Ah, the old days of fighting games. I remember when you couldn’t turn around in an arcade without seeing a new one almost every week. Some companies focused only on that market and created game after game, SNK for example. Fast forward 20-plus years and while not as popular in arcades, fighting games still have a huge following and online community, via in home consoles and PC. Publisher Arc System Works the masterminds behind the Guilty Gear and BlazBlue series has stood out as the most recent company to do this. Now with Chaos Code: New Sign of Catastrophe on the PlayStation 4, gamers will have access to what was originally a 2011 Japanese arcade game.
Also released for the Playstation 3 in the U.S. in 2013, Chaos Code has been around for a while and in various forms, as is the way of some past fighters. Re-releases and updated versions usually come with having support from a community who still craves that game from their last gen system, or who was it updated on their new one. Or, it could just be that the company is hoping for long-time fans to get excited, so they rehash an old game, toss in a couple of extras, a longer title, and then make a money grab.

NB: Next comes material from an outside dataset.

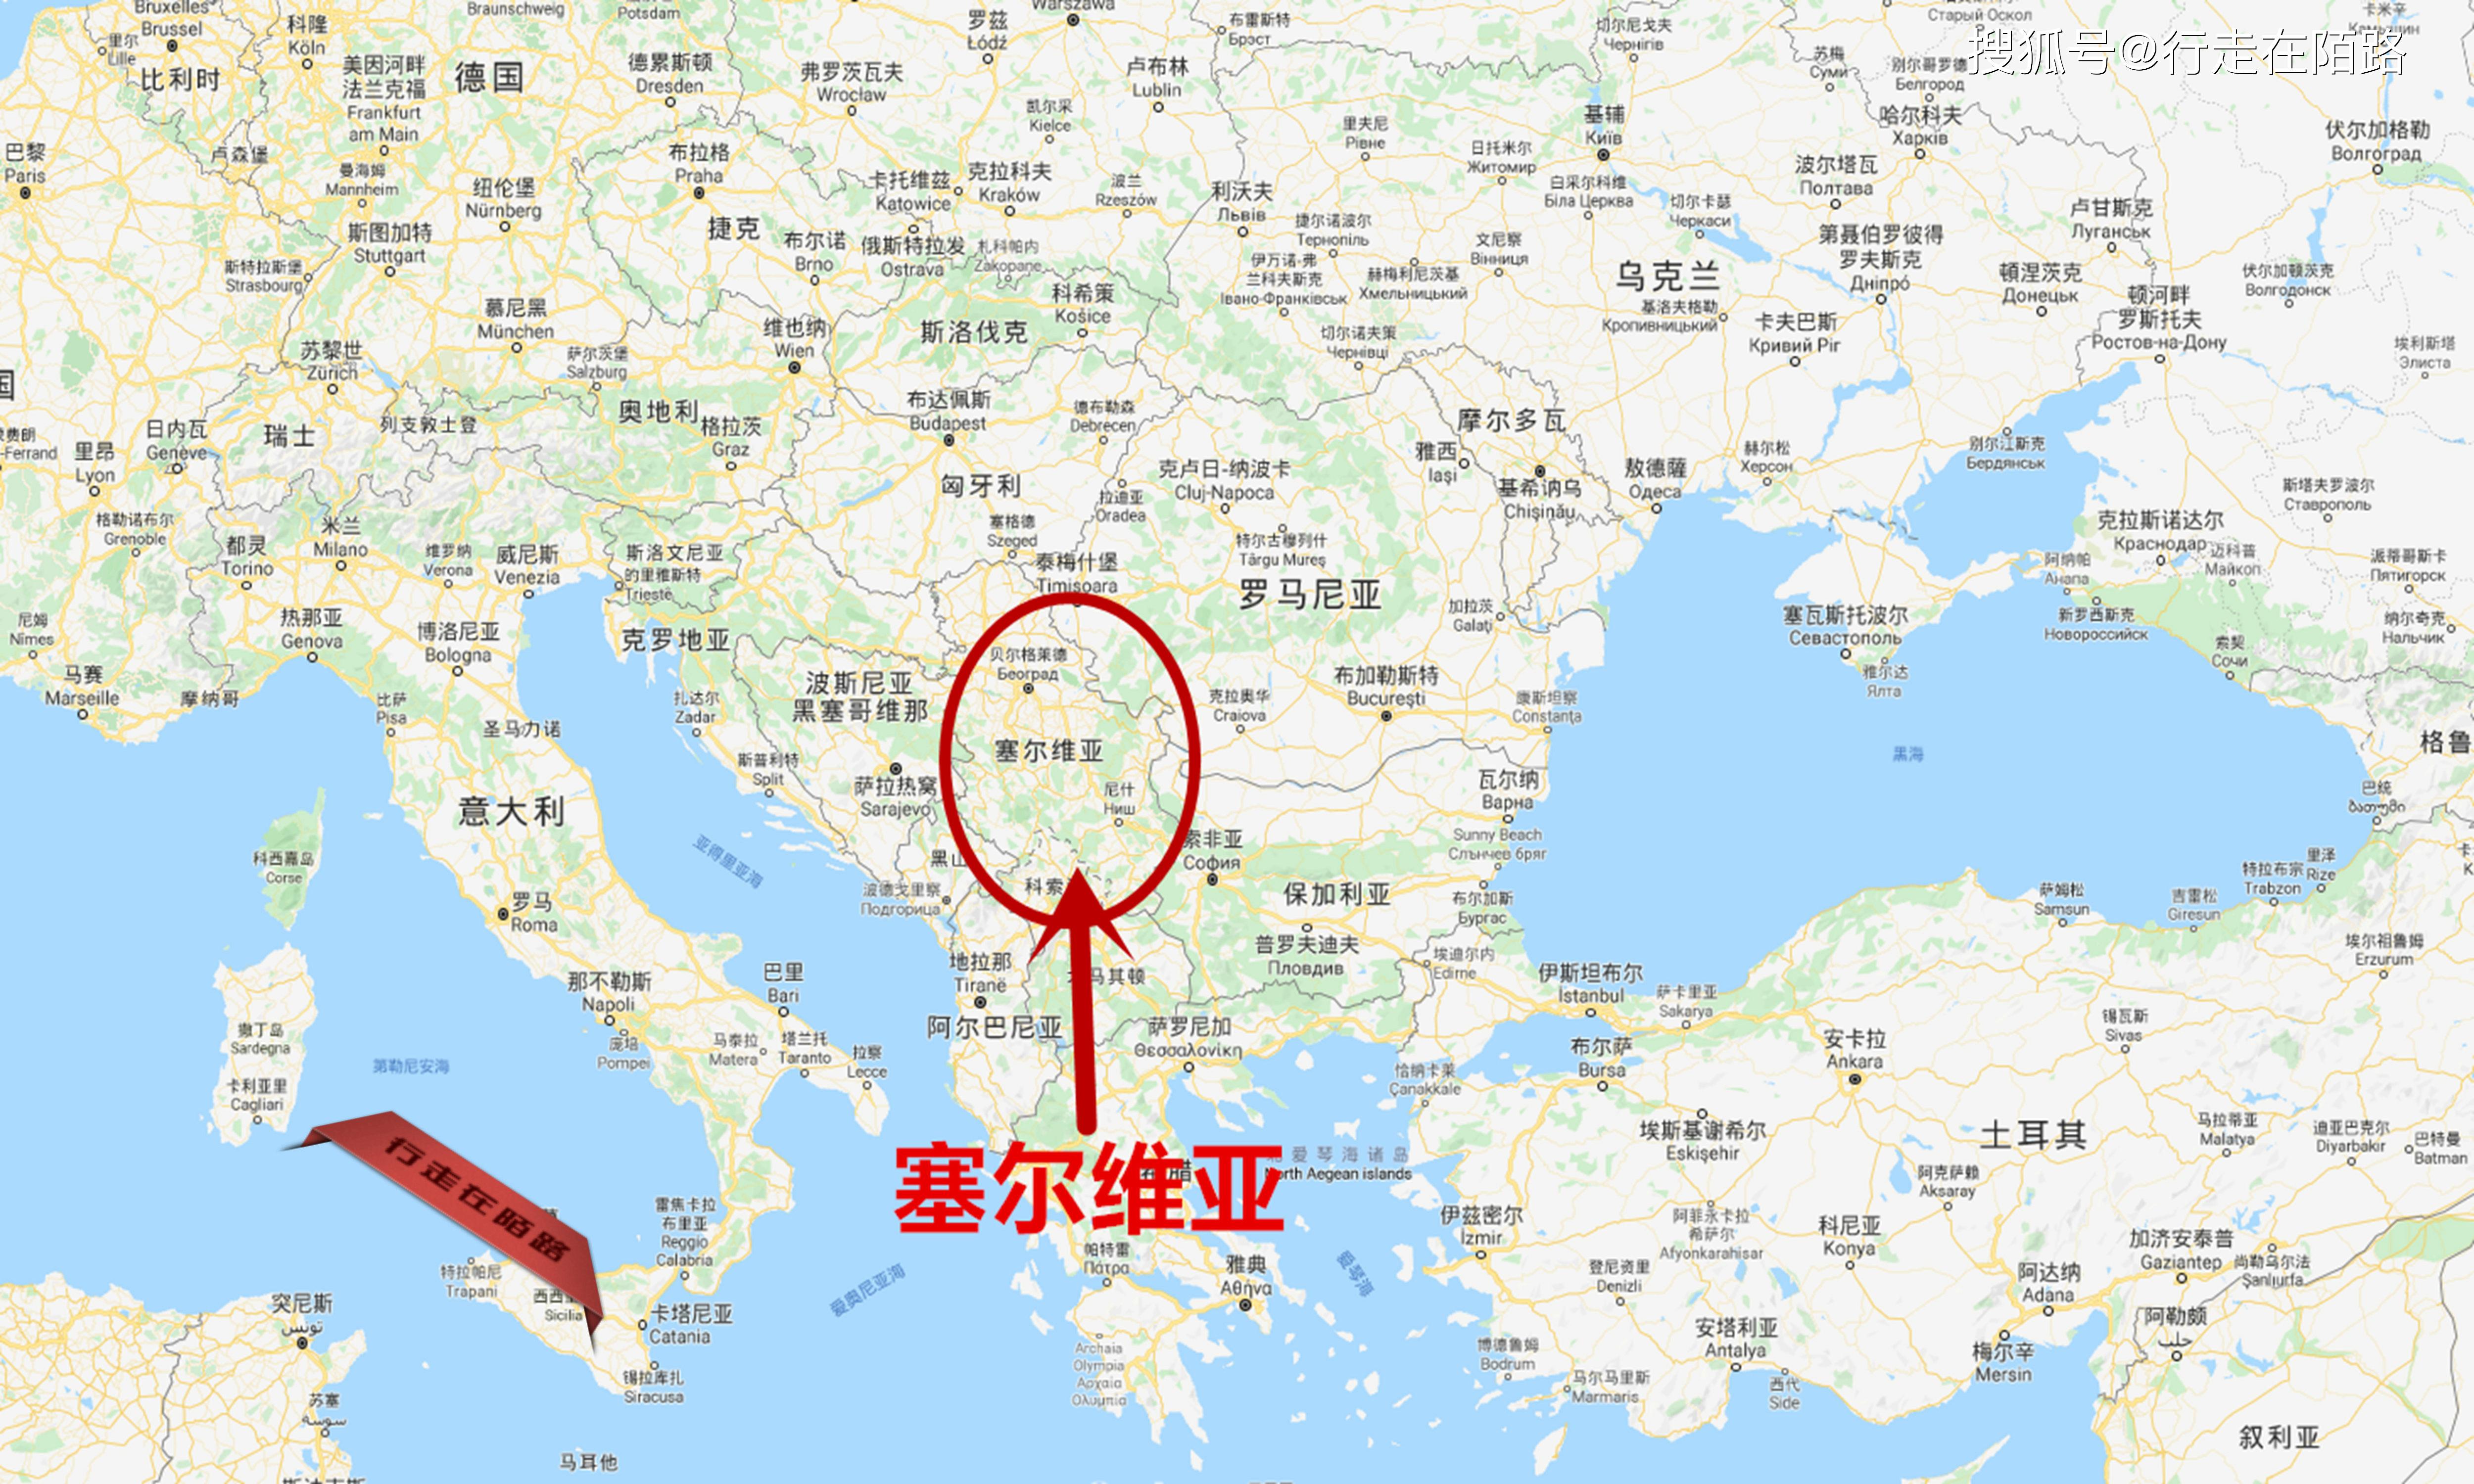 塞尔维亚:50元管饱200元住套房,上街还有中国警察保护

Chaos Code: New Sign of Catastrophe comes out the gate fast with an intense anime intro and its wall of selectable modes at the first menu. I suggest the practice mode to get your bearings. What you will find is 16 selectable characters, from a robotic suit ninja chick with armor conveniently giving her large chest room to move, to a couple of kids named Cait & Sith, to a very large chef named Bravo. Chaos Code: New Sign of Catastrophe is full of options, though. Players can choose two out of four ability options, how they move, and even color customization from a very small pallet.
Get to know the characters. They are easy to learn and fun to play, depending on your preferences. That is one of the best parts about Chaos Code, it’s very simple to learn and most of the special moves are easy to pull off. When playing the usual short obligatory arcade, or “story” mode, new players can even set the difficulty to a breezy “one” rating. This gives players a chance to get used to the game. There is plenty of surprising depth to the combat in Chaos Code. Enough that fans of the old SNK series should be right at home, playing like it’s 1993. Right down to the comical “physics” of the female characters. Yeah, you know what I mean.
Load times are generally fast, and I saw little lag in Network Vs. mode. My favorite mode is Mission Mode, where you are given specific attacks that are the ONLY way to deal damage to your CPU opponent. It’s very challenging and fun. These challenges unlock points you can use to buy more color pallet options and game art. The soundtrack for Chaos Code is a mix of various j-rock; repetitive and over the top. Yet It fits. The addition of a full wide screen view in this version is very welcome and does make the game feel at least a little more up to date, even if the graphics do not.
Chaos Code: New Sign of Catastrophe is a simple arcade fighter with hidden depth for fans of the genre. It has enough characters to keep players happy and at an MSRP of $19.99 in the PlayStation store, it’s not a huge cost for a short amount of fun. But it really doesn’t bring anything new to the table, sadly. If you find yourself wanting to relive the the SNK-era of fighting games, go for it, but for the rest of us, Chaos Code: New Sign of Catastrophe is a pass.
Chaos Code: New Sign of Catastrophe is available now for PlayStation 4 and PC via Steam. This review is based on a copy provided for that purpose.